YOUR ASSIGNMENT: Beneath this line sits some data. Return only its lines from the one holding "Footlocker men's blue" through the one holding "Wallpaper Lamborghini Huracán", inclusive, exactly, with the images removed.

AVAILABLE RECORDS:
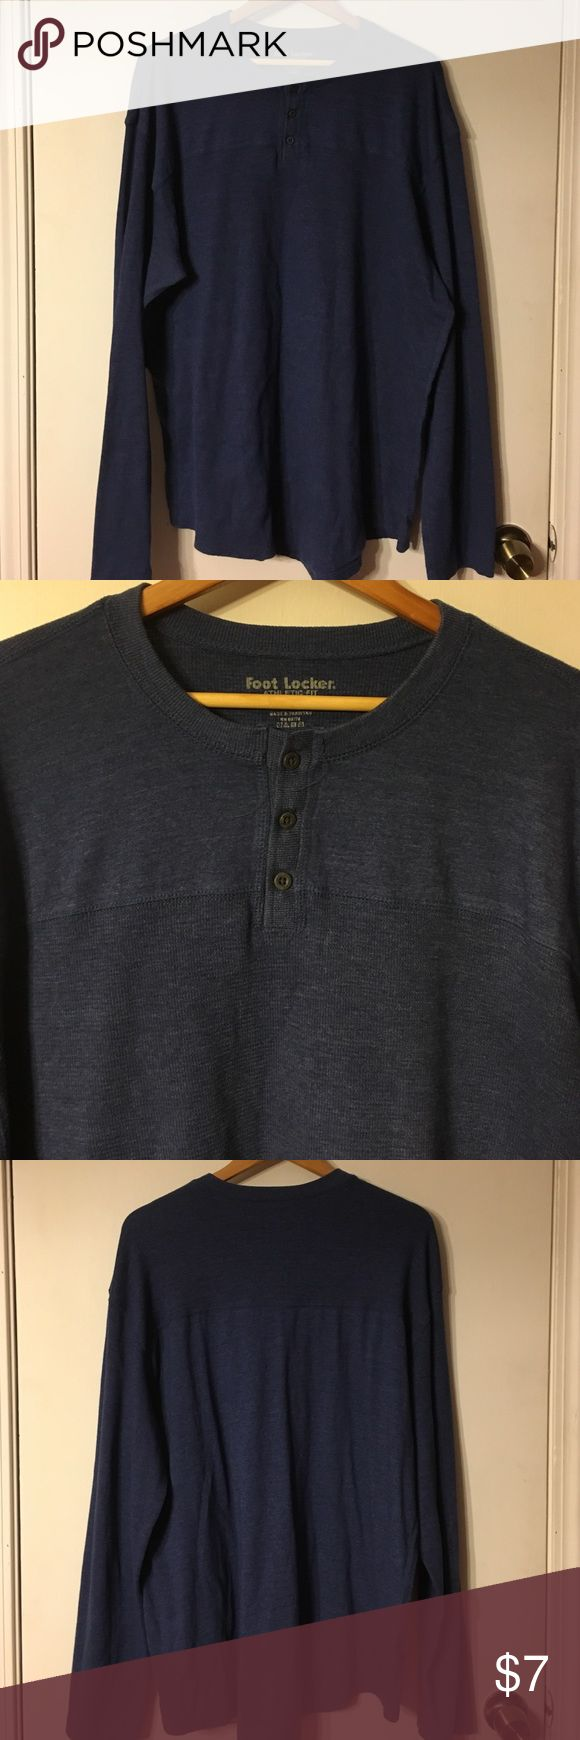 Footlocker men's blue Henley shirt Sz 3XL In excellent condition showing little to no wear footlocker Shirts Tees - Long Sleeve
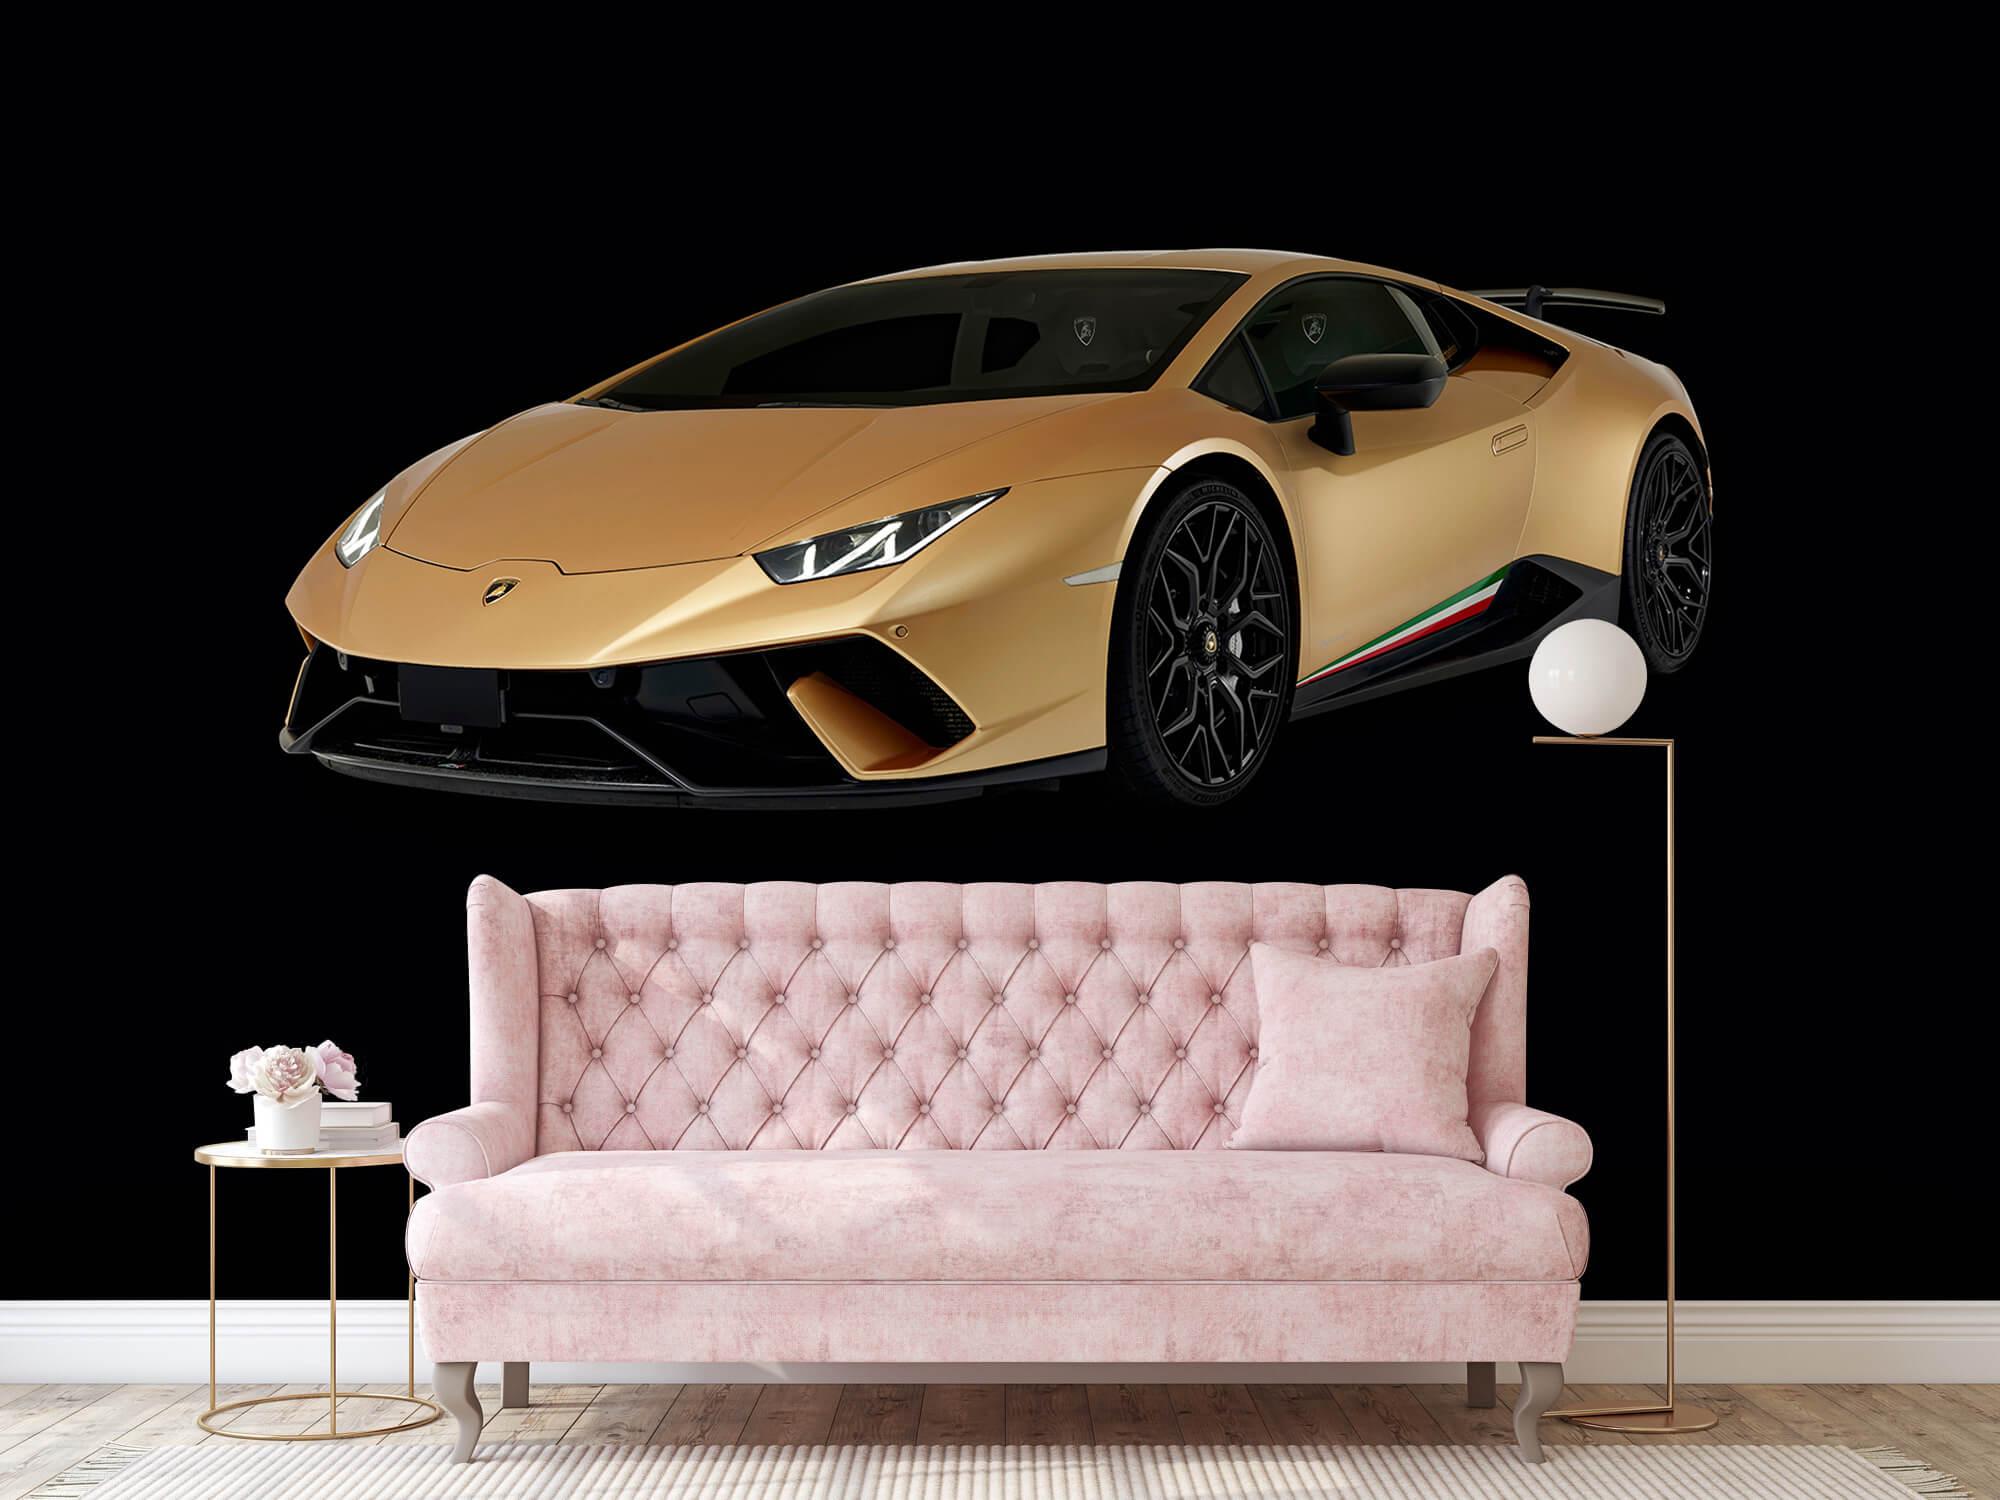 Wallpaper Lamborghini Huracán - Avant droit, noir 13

---

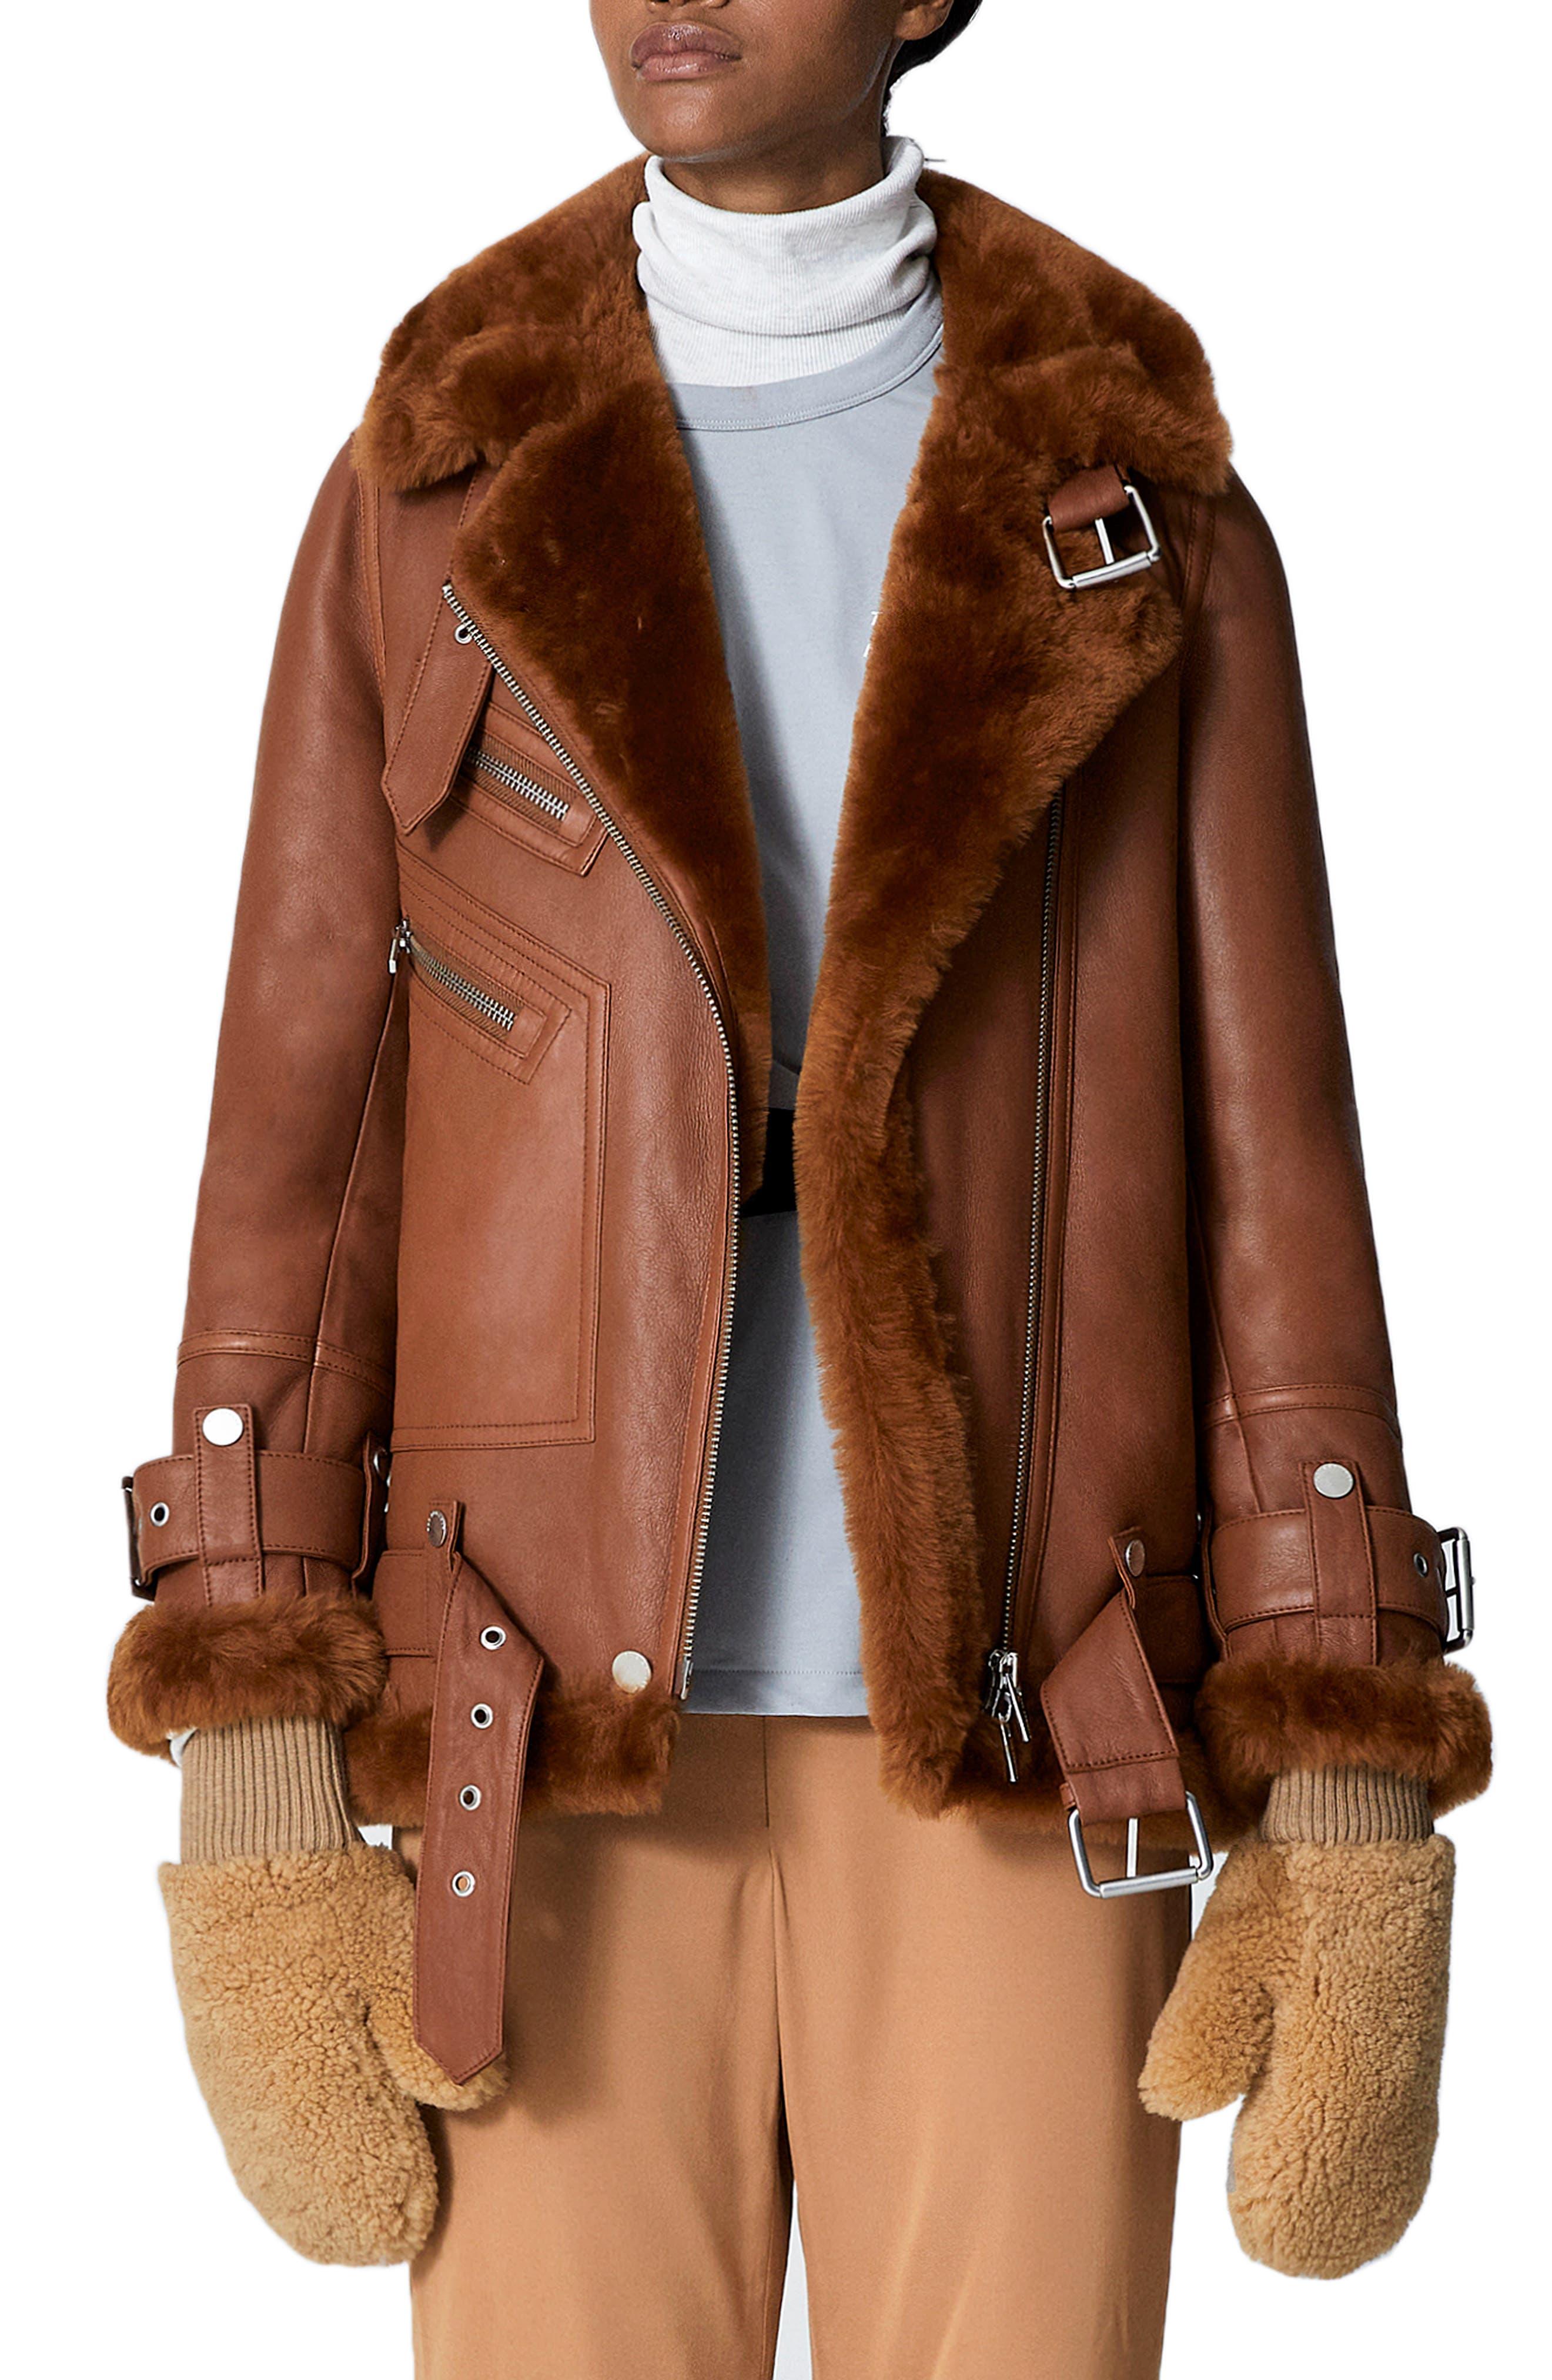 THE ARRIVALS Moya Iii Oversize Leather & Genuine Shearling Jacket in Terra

--

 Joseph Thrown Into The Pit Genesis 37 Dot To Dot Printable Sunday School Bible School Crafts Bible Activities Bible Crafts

TASK RESULT:
 Footlocker men's blue Henley shirt Sz 3XL In excellent condition showing little to no wear footlocker Shirts Tees - Long Sleeve
 Wallpaper Lamborghini Huracán - Avant droit, noir 13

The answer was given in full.